Is Trigonometric Substitution Needed for ∫ √9-2(x-1)²?

[cogs24]

hi guys
im debating whether this question requires trignometric substitution or just normal substitution.

∫ √9-2(x-1)²

Im leaning towards normal substitution, with u = x-1, but I am not sure
Any ideas
Thanx heaps

 

[whozum]

Is it

\int \sqrt{9-(2x-1)^2}?

If so a normal one won't do, youll need a trig one.

 

[dextercioby]

Try to bring it to the form

C\int\sqrt{1-(something)^2} \ dx

,where C is a constant.

Daniel.

 

[cogs24]

2 is on the outside of the (x+1)

 

[cogs24]

(x-1) sorry

 

[Jameson]

Well if you substitute u = x-1, you get the integral...

\int \sqrt{9 - 2u^2}du

I think trig substitution is where this is leading.

 

[GCT]

yeah from what I remember, trig substitution was the way to go.

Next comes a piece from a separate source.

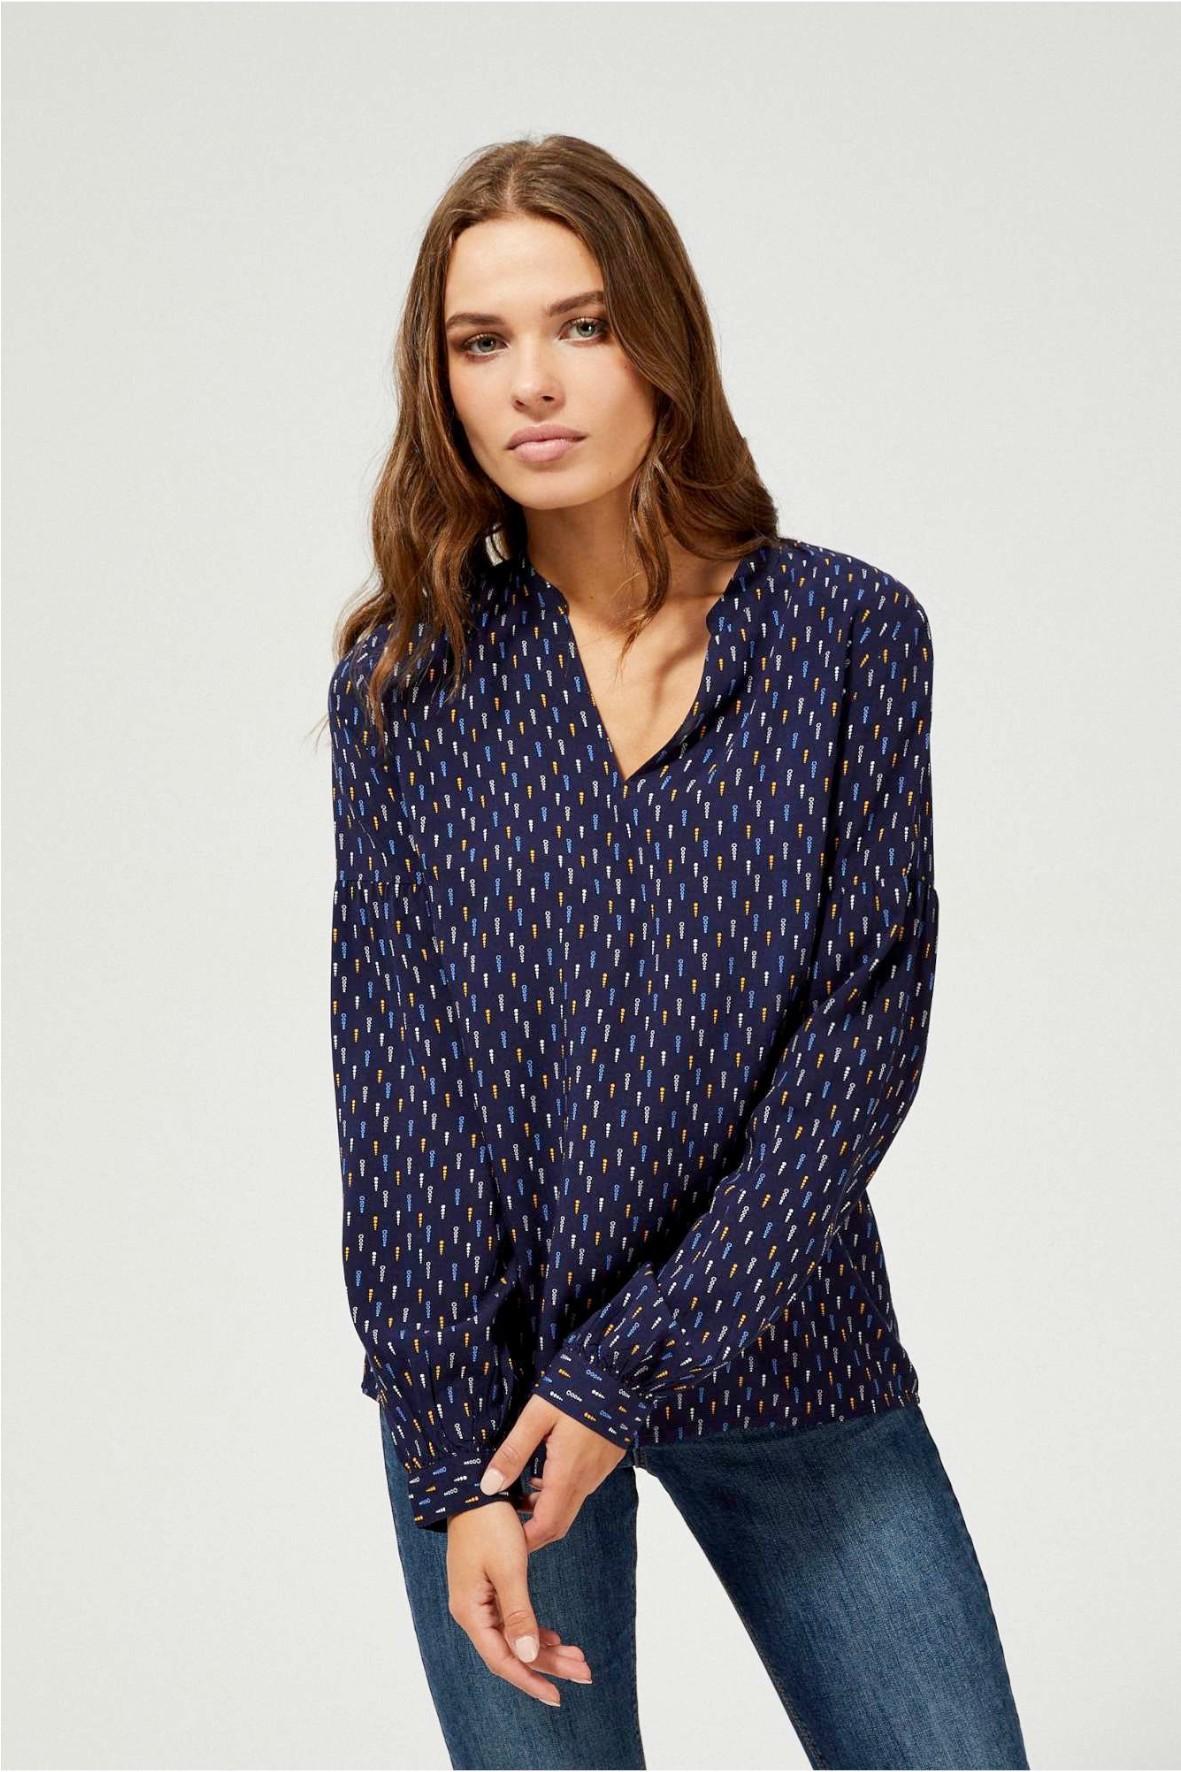 Granatowa koszula damska nierozpinana z kolorowym nadrukiem i ze stójką

\sqrt(2) \int \sqrt{(9/2-u^{2})} ~du

 

[cogs24]

hi guys
im still stuck on this question, it has really got me stumped
i know that for the form

√a² - x².dx

x=asinθ, dx = acosθ.dθ

but i just can't seem to put it together

 

[dextercioby]

Why not.U've got an |a| coming out of the sqrt and u'll get a square

\int \sqrt{a^{2}-x^{2}} \ dx =a|a|\int \cos^{2}\theta \ d\theta

Then use the double angle formula.

Daniel.

 

[cogs24]

the 2 outside the (x-1)^2 is confusing me
Im not sure what my x and a squared is?

 

[dextercioby]

Look at post #6.If you make the substitution

\sqrt{2}u=t,

u can put that integral under the form

\frac{1}{\sqrt{2}} \int \sqrt{3^{2}-t^{2}} \ dt

And now do that substitution involving "sin".

Daniel.

 

[cogs24]

so, sqrt 2u = sin theta

 

[dextercioby]

Nope.u\sqrt{2}=3\sin\theta

Daniel.